_TASK DIRECTIONS_: Please return the data word for word and leave out any picture it contains.

_DATASET SECTION_:
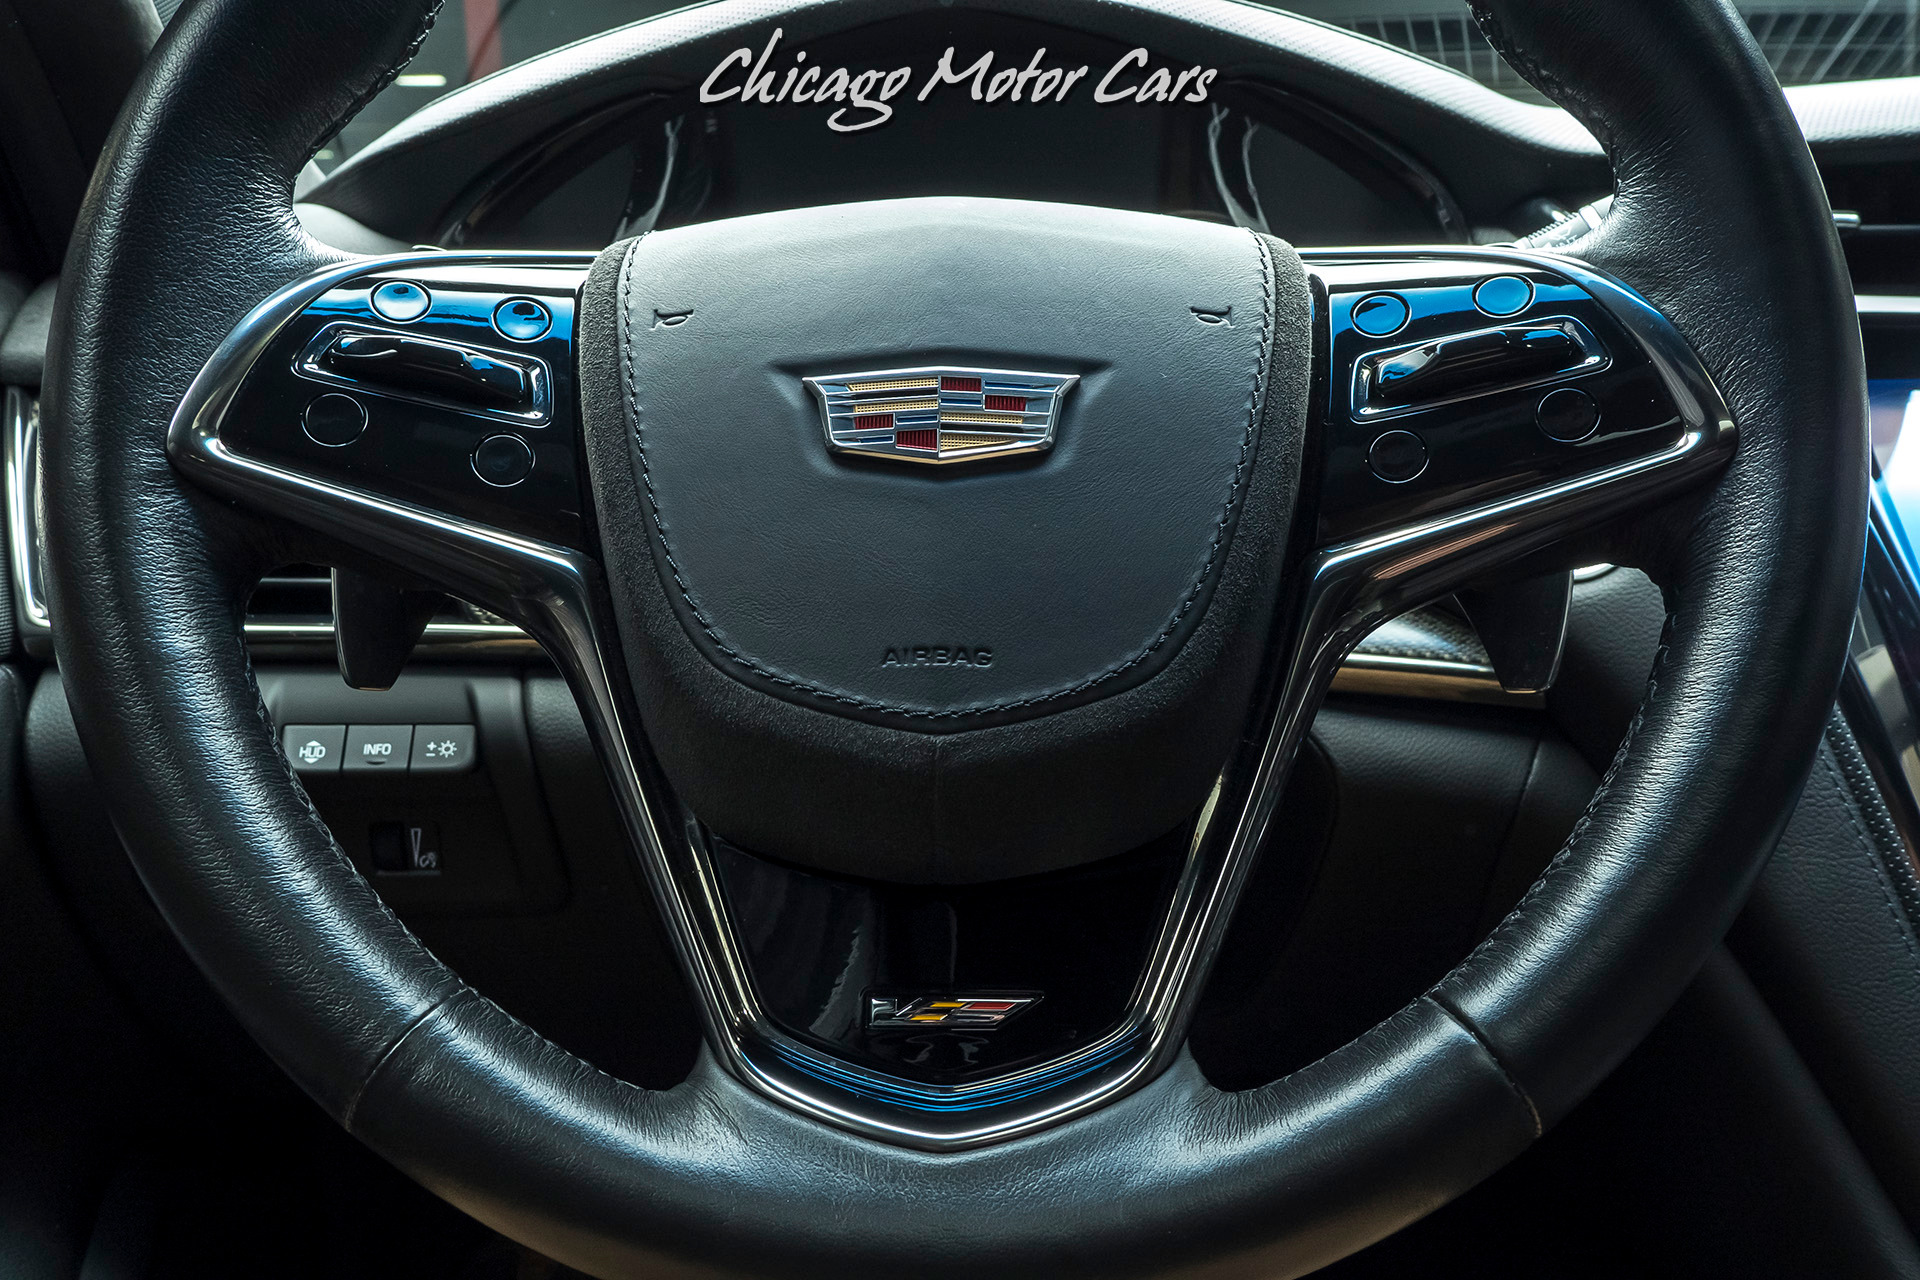 Used-2016-Cadillac-CTS-V-Sedan-MSRP-89K-LUXURY-PACKAGE-ULTRAVIEW-SUNROOF
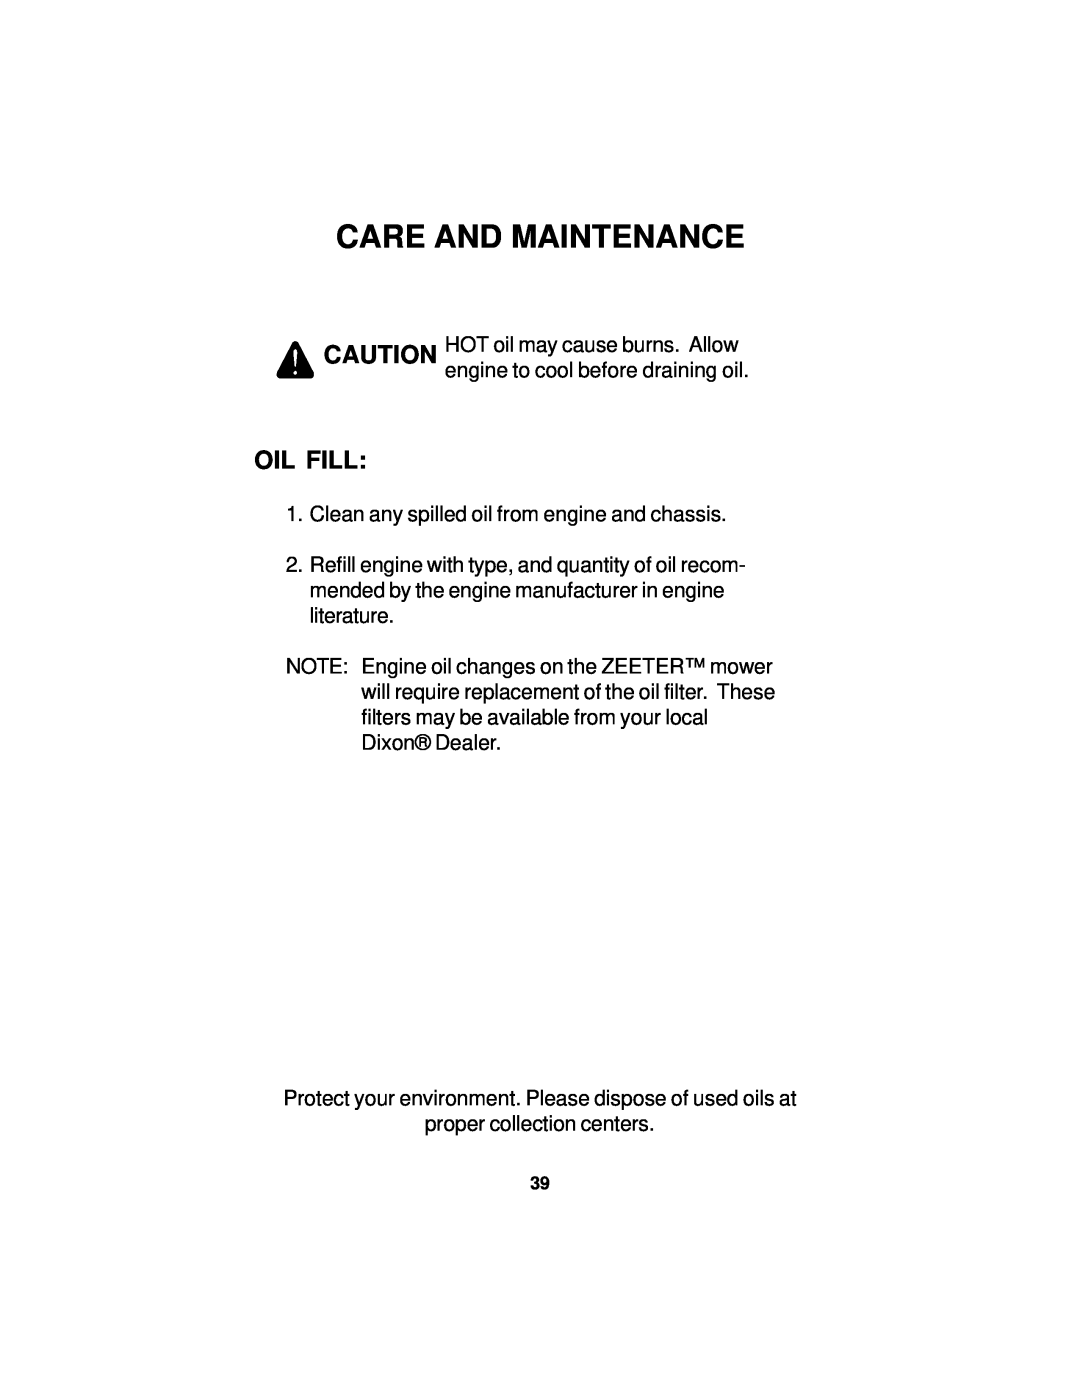 Dixon 14295-0804 manual Oil Fill, Care And Maintenance 
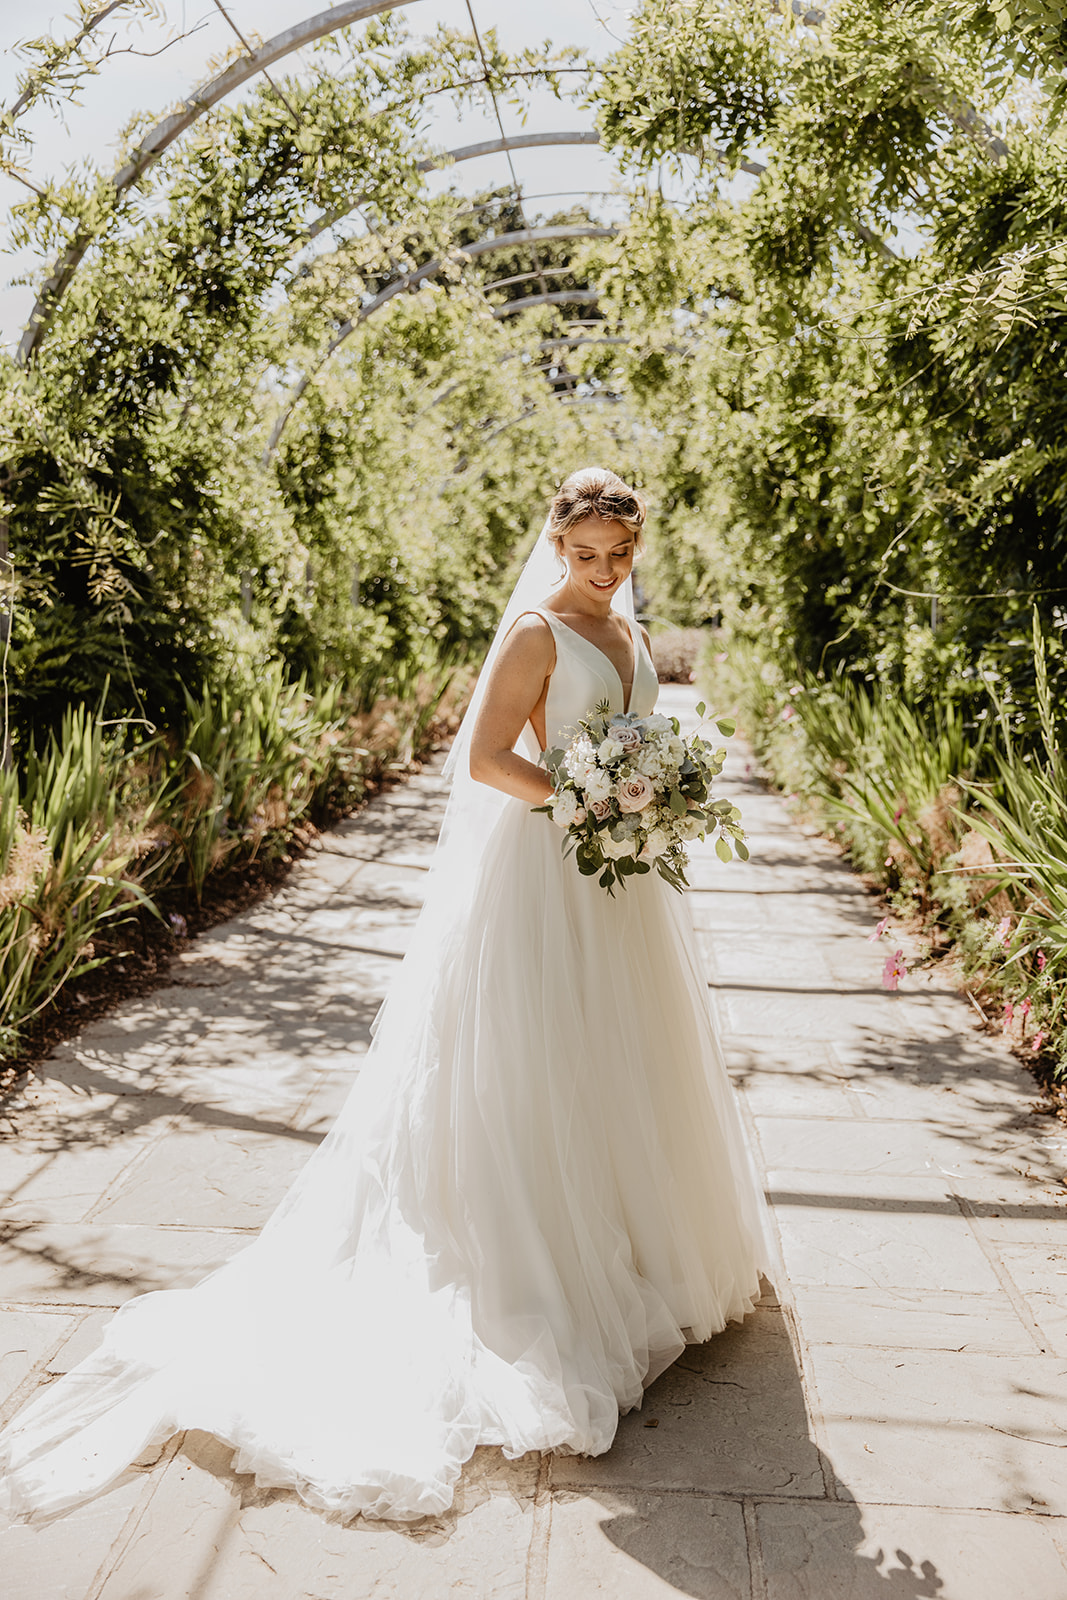 Bride walks through floral archway at a RHS Gardens Wisley Wedding. By Olive Joy Photography

_TASK RESPONSE_:
 Used-2016-Cadillac-CTS-V-Sedan-MSRP-89K-LUXURY-PACKAGE-ULTRAVIEW-SUNROOF
 Dixon 14295-0804 manual Oil Fill, Care And Maintenance 
 Bride walks through floral archway at a RHS Gardens Wisley Wedding. By Olive Joy Photography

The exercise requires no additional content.